Ethics and dissemination

This review does not use primary data, and formal ethical approval is not required. Findings will be disseminated through peer-reviewed journals and committee conferences.

Trial registration number

CRD42015023820.

Keywords: pancreatic cancer, resectable, neoadjuvant, cumulative meta-analysis, non-randomized studies


Strengths and limitations of this study.

  • This is the first systematic review and meta-analysis focusing solely on neoadjuvant therapy in resectable pancreatic cancer.

  • Owing to the characteristics of this issue, we will include randomised controlled trials (RCT) and non-randomised studies (NRS's); the RCTs as group I and NRS's as group II will be assessed and analysed separately.

  • We will perform cumulative meta-analysis in group I studies because the neoadjuvant chemotherapy regimen and chemoradiation therapy protocols have changed with time,

  • In respect of NRS's, an independent and knowledgeable methodologist will be involved in every step of study selection and analysis with NRS-specific assessment tools.

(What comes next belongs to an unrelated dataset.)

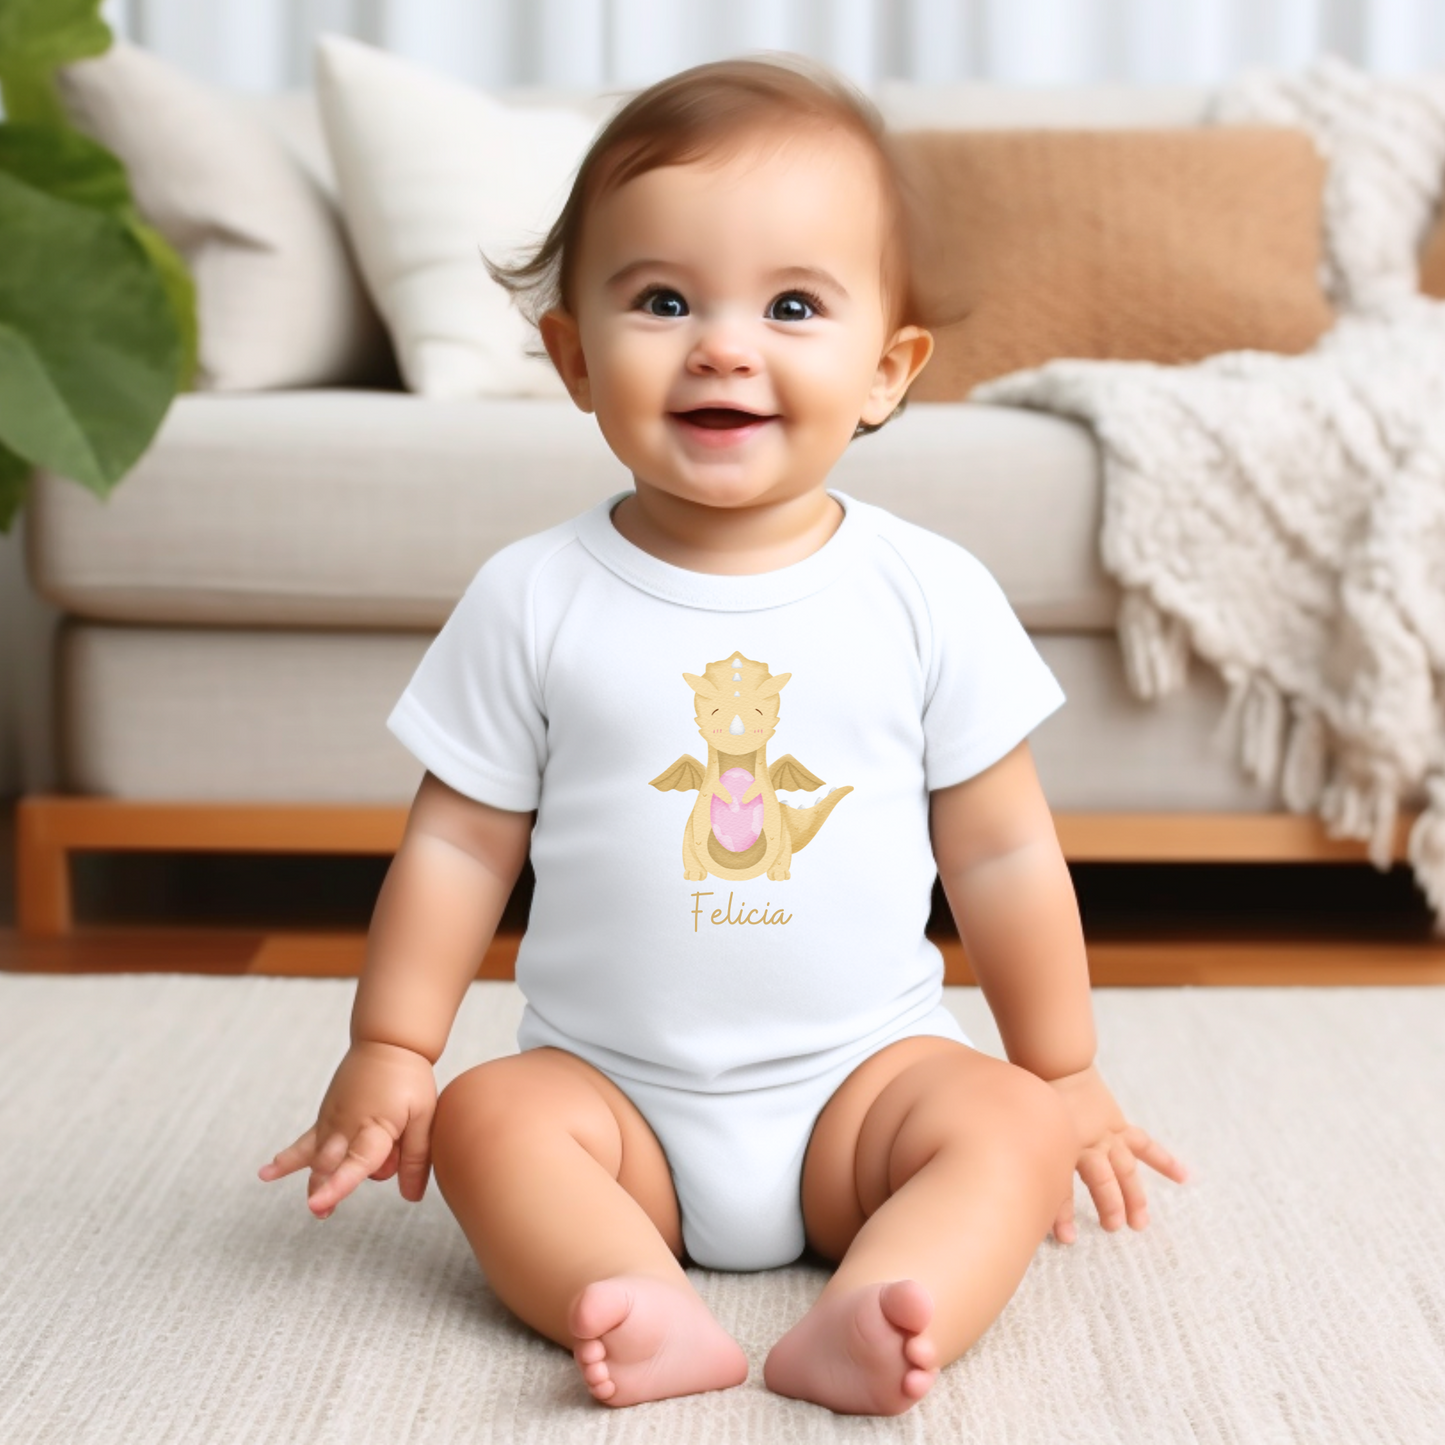 Personalized Onesie with Baby's Name

  • To date, there is no large phase III randomised controlled trial of this issue.

Introduction

Description of condition

Pancreatic cancer (PC) is the twelfth most common cancer worldwide, with more than 330 000 new cases annually.1 It is the fourth and fifth leading cause of cancer-related death in the USA and Europe, respectively.2 3 Unlike other solid malignancies, the 5-year survival rate of PC has not improved significantly over the past few decades and is still around 7%, which is the lowest among various solid malignancies.2 4 Although the only curative strategy is surgical resection, less than 20% of patients with PC are eligible for resection at the time of diagnosis.5 Moreover, even after curative resection, the cumulative rate of locoregional or systemic recurrence is up to 85%.6 7 This implies that many PCs develop early micrometastasis, and therefore even ‘resectable’ PC (RPC) is sometimes regarded as a systemic, not localised, disease.

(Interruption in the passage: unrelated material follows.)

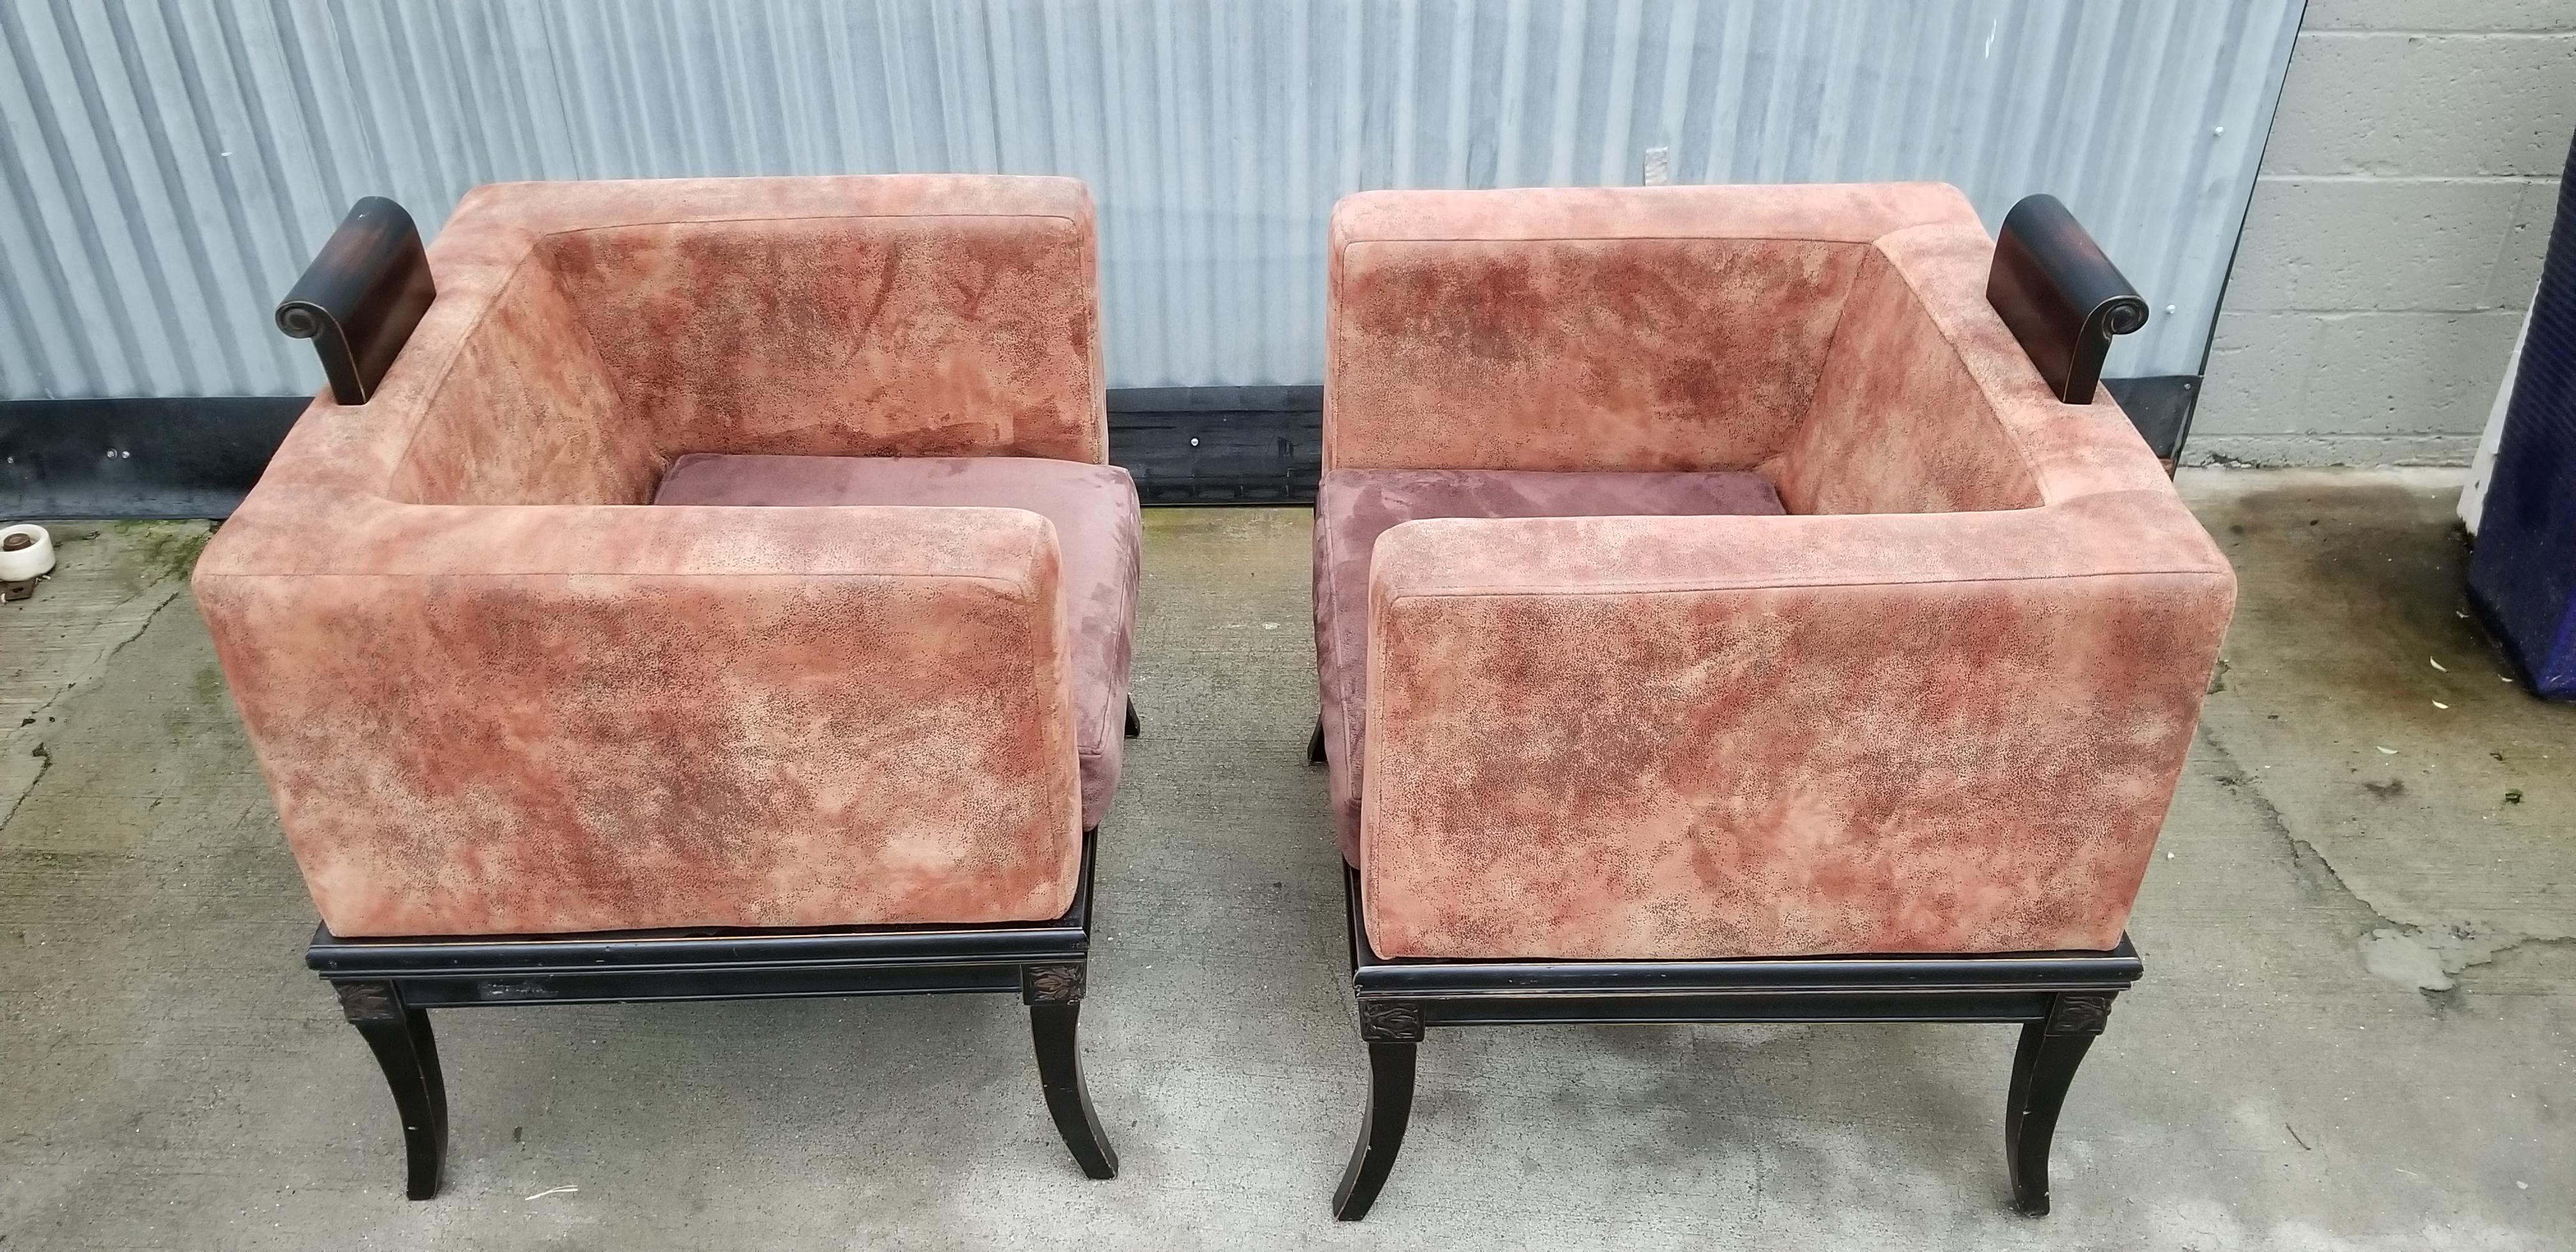 A unique pair of micro-suede mid-20th century club chairs. Hardwood ebony frames with elegant klismos design. Modern cube form chairs with Asian and Greek influence implicative of James Mont or Billy Haines. Fine craftsmanship, structurally solid

In this context, many studies on adjuvant treatment in RPC were reported in the past two decades. In terms of adjuvant chemotherapy (CTx), modest survival gain was shown in several landmark trials,6 8–10 whereas the role of adjuvant chemoradiation therapy (CRT) is still controversial.8 11 12 The US National Comprehensive Cancer Network (NCCN) guideline recommends adjuvant CTx and CRT therapy after resection of PC, and the European guidelines (European Society for Medical Oncology (ESMO), European Society of Digestive Oncology (ESDO)) recommend only adjuvant CTx in the same situation.13 14 However, the median overall survival (OS) of patients with RPC is still less than 25 months, even after adjuvant therapy, and this poor outcome has led to attempts to investigate neoadjuvant treatment.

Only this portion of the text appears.